На последние две недели лета из Казани привезли Лёвушку Миронова — десятилетнего племянника Нины, сына Кости. Константин Николаевич несколько дней погостил и уехал. Мальчик оказался живой и ласковый, привязался к «тете Нине», к бабушке, а за «дядей Сашей» ходил хвостиком. С утра «мужчины» отправлялись в «дикость» — уходили в горы. Нина помогала им собираться, провожая до угла Галерейной, смотрела вслед двум фигурам, длинной и маленькой, мелькавшими за тополями прибрежного бульвара.
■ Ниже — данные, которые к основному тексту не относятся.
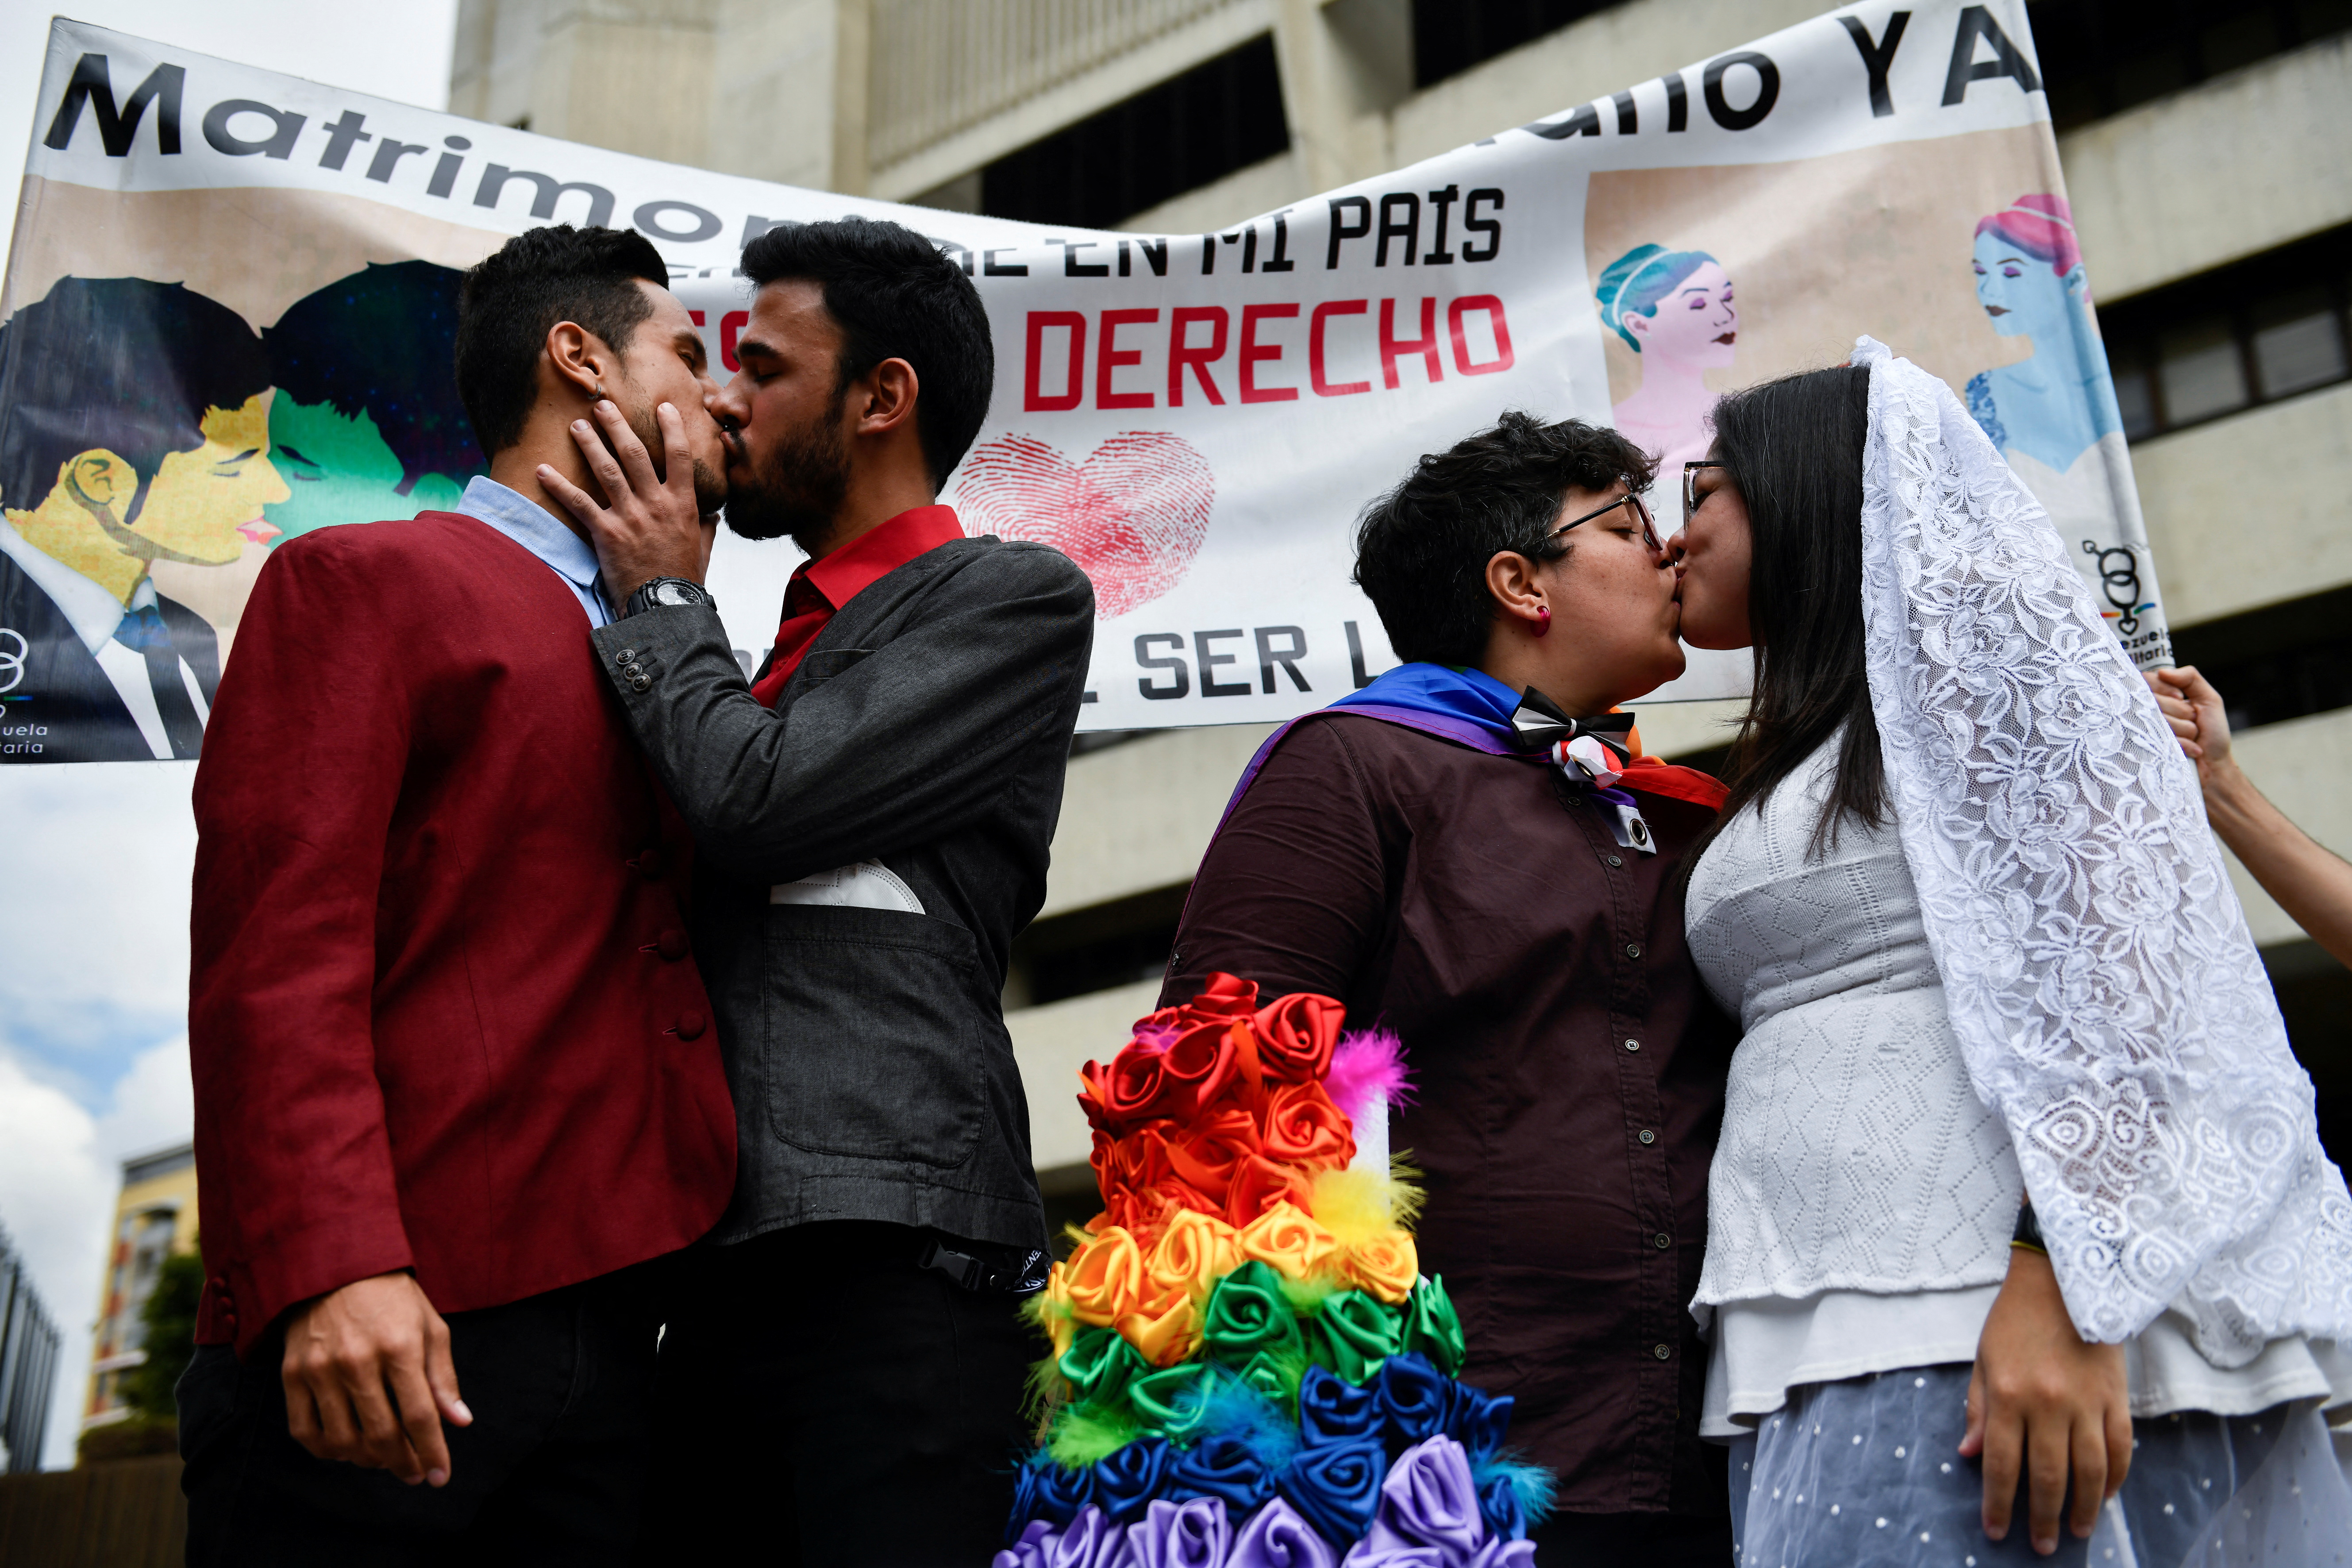 La población LGBT+ de Venezuela ha exigido que se aprueben el matrimonio igualitario y otras leyes para su protección, sin ser escuchadas. (REUTERS/Gaby Oraa)

Сама она редко выбиралась на прогулки — из поездки они привезли отрезы материй — надо было шить.
Когда за Лёвой приехал отец, Александр Степанович сказал Нине: «Послушай, а если нам Лёвушку усыновить? Ведь он, по сути, без призора растет: Маня в загуле, Костя в разъездах. Жаль мальчика».
Ольга Алексеевна обрадовалась — у нее давно уже болела душа за Лёву: его мать пила.
Но Константин Николаевич обиделся: «У Лёвы есть родители», — сказал он.
Мироновы уехали. Без Лёвы в доме стало глухо, особенно первые дни.
Александр Степанович писал свой новый роман — это была та же история двух сестер, красивой и уродливой, но не было в нем ни Зазеркалья, ни писателя Тренгана. Внутренний цензор делал свое дело. Мытарства «Бегущей» и «Фанданго» стали горьким уроком Грину. Роман «Обвеваемый холм» получился приземленным, неглубоким — в нем соседствовали черное и белое: светлая, добрая, нежная Джесси и уродливая во всём — безобразная внешне и отвратительна внутренне Моргиана. Фон романа стал обыденнее, проще.
Тема Зазеркалья мелькнула в рассказе «Элда и Анготея», оставленном весной в редакции «Красной нивы». Но его отклонили. Редакция журнала, всегда охотно печатавшего рассказы Грина, сообщала: «22 августа 1927 г. Уважаемый Александр Степанович! Ваш рассказ "Элда и Анготея", который мы переписали для "Красной нивы", оказался неподходящим по сюжету. Если возможно, то присылайте другой рассказ.
Всего доброго. Жму руку. Лазарев».7
После письма Вольфсона стало ясно, что придется снова ехать в Москву. Назначили отъезд на середину октября, а пока наслаждались покоем — после дорог и перед дорогой.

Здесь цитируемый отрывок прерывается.